Here is some relevent information about how I am running it.

SWISH-E CONFIG:
	DefaultContents HTML2
	StoreDescription HTML2 <description> 10000
	IndexContents HTML* .htm .html .shtml .asp .aspx .cfm .php .cgi
	IndexOnly .htm .html .shtml .asp .aspx .cfm .php .cgi
	HTMLLinksMetaName swishdefault

SPIDERCONFIG.PL: (relevent portions, actual contains 762 sites)

   my %site[site1] = (
	base_url   => '[site1]',
	email      => 'admin@somedomain.com',
	agent      => 'somedomain.com/bot/',
	link_tags           => [qw/ a frame area /],
	keep_alive          => 1,
	test_url            => sub {  $_[0]->path !~ 
/\.(?:gif|jpeg|png|mov|avi|mp3|pdf)$/i },
	test_response => sub {
	my $content_type = $_[2]->content_type;
	    return $content_type =~ m!text/html!;
	},
	use_head_requests   => 1,  # Due to the response sub
	delay_sec   		=> 0,
	max_indexed   		=> 200,
	max_time		=> 2,
	remove_leading_dots => 1,
	credential_timeout 	=> undef,
..
@servers = (\%site[site1],...

CRAWLED WITH:
	spider.pl spiderconfig.pl > crawledlinks.txt

INDEXING WITH:
	swish-e -e -c swishconfig.cfg -S prog -i stdin < crawledlinks.txt -f 
index.links


RESULTS of the crawl is a text file of ~516MB.
RESULTS of indexing:
	Indexing Data Source: "External-Program"
	Indexing "stdin"
	Removing very common words...
	no words removed.
	Writing main index...
	Sorting words ...
	Sorting 13,037 words alphabetically
	Writing header ...
	Writing index entries ...
	  Writing word text: Complete
	  Writing word hash: Complete
	  Writing word data: Complete
	13,037 unique words indexed.
	5 properties sorted.
	516 files indexed.  5,308,261 total bytes.  244,662 total words.
	Elapsed time: 00:00:02 CPU time: 00:00:01
	Indexing done!

Q1) What should I be looking for in the output thats making it stop?

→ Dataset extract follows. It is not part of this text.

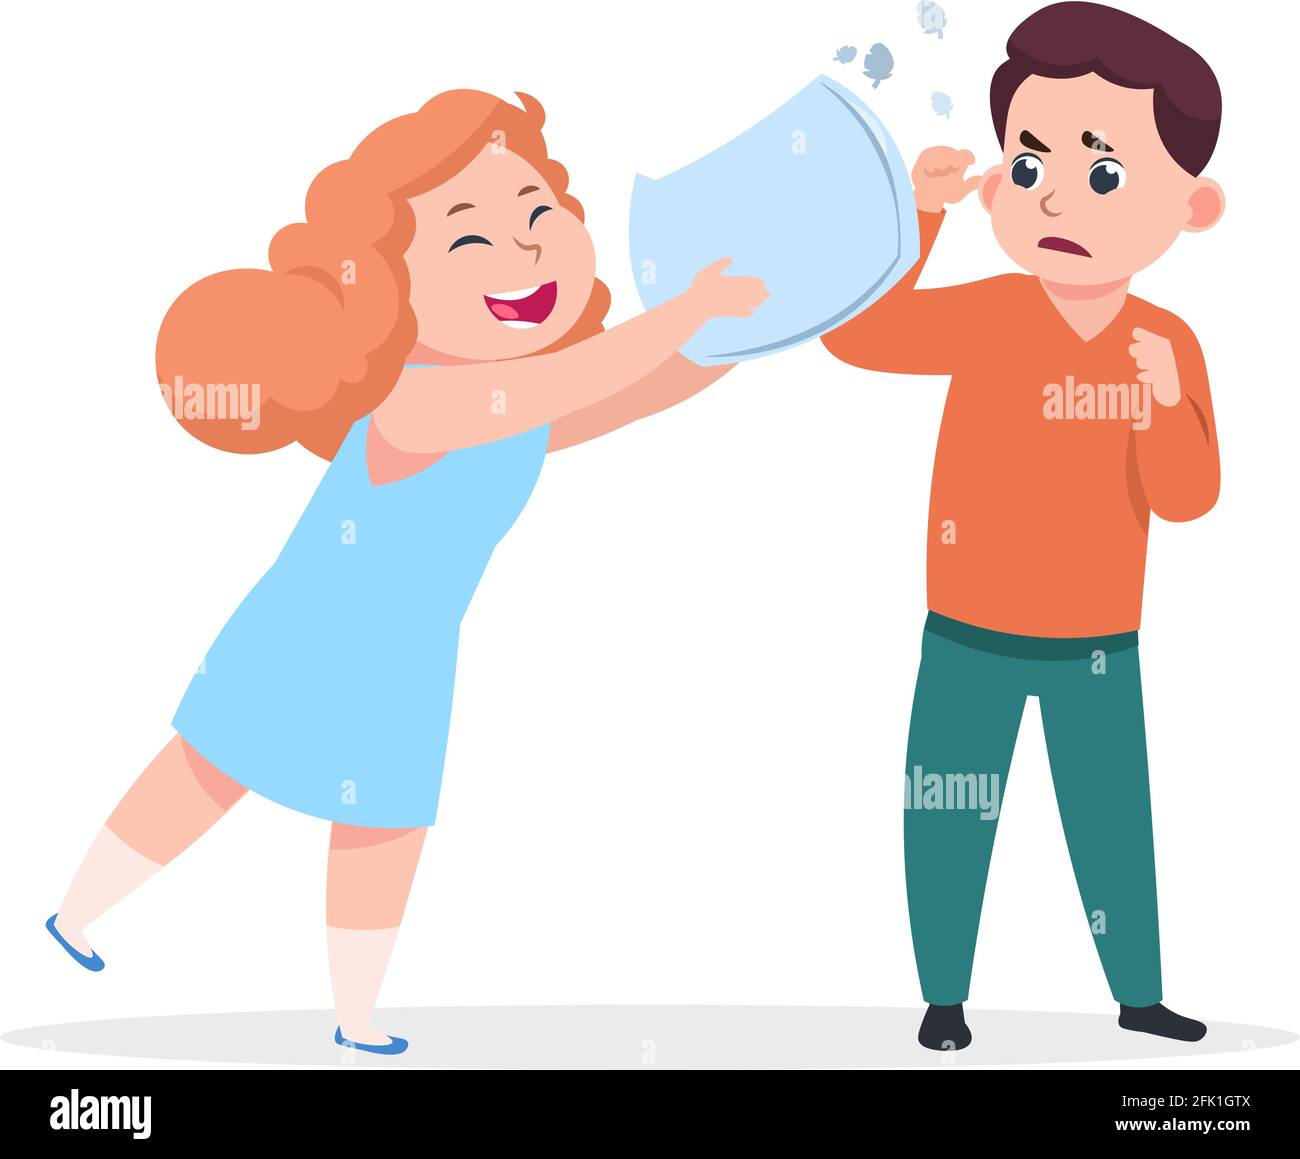 Pillow fight. Cheerful girl beats displeased boy. Aggression, bad manners and evil games. Child misbehavior, preschool kids vector illustration Stock Vector
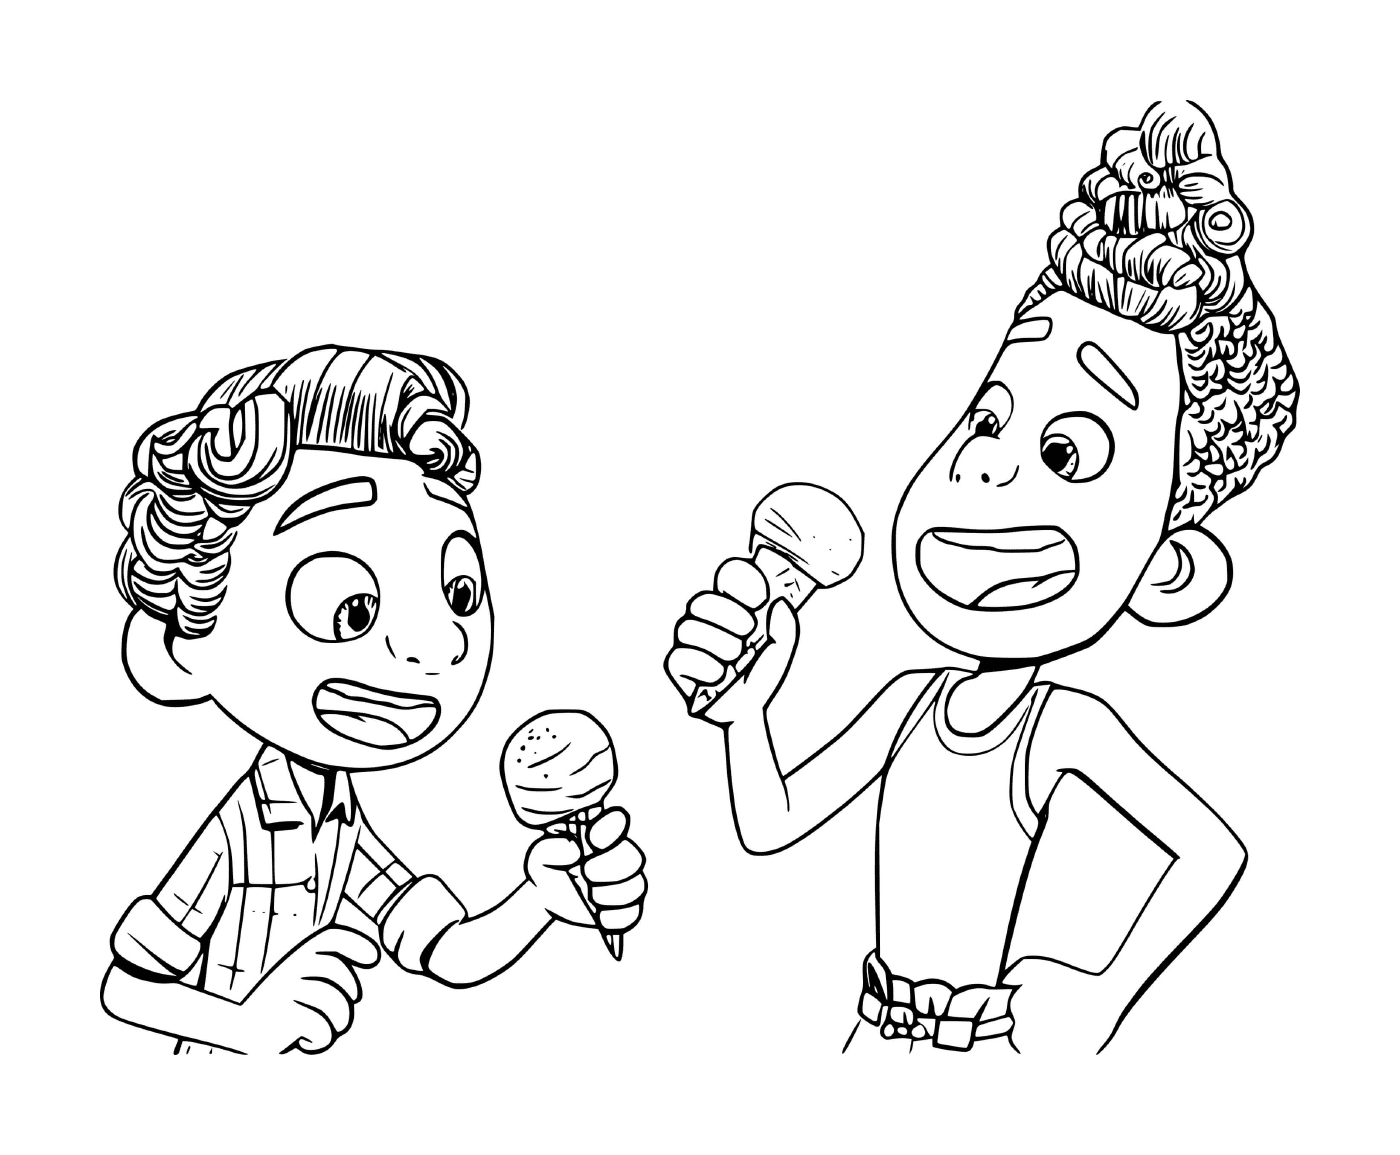  Two people eating ice cream

Q2) When it reports 5,308,261 total bytes, is that the position in the 
source text file including headers? Or is that simply the size of the 
portions actualy indexed?  E.g. If I went to that postion in my source 
text would I find the offending string that is causing it to stop.

Thanks for any advice or pointers.
DAve





*********************************************************************
Due to deletion of content types excluded from this list by policy,
this multipart message was reduced to a single part, and from there
to a plain text message.
*********************************************************************
Received on Sat Nov 19 08:51:42 2005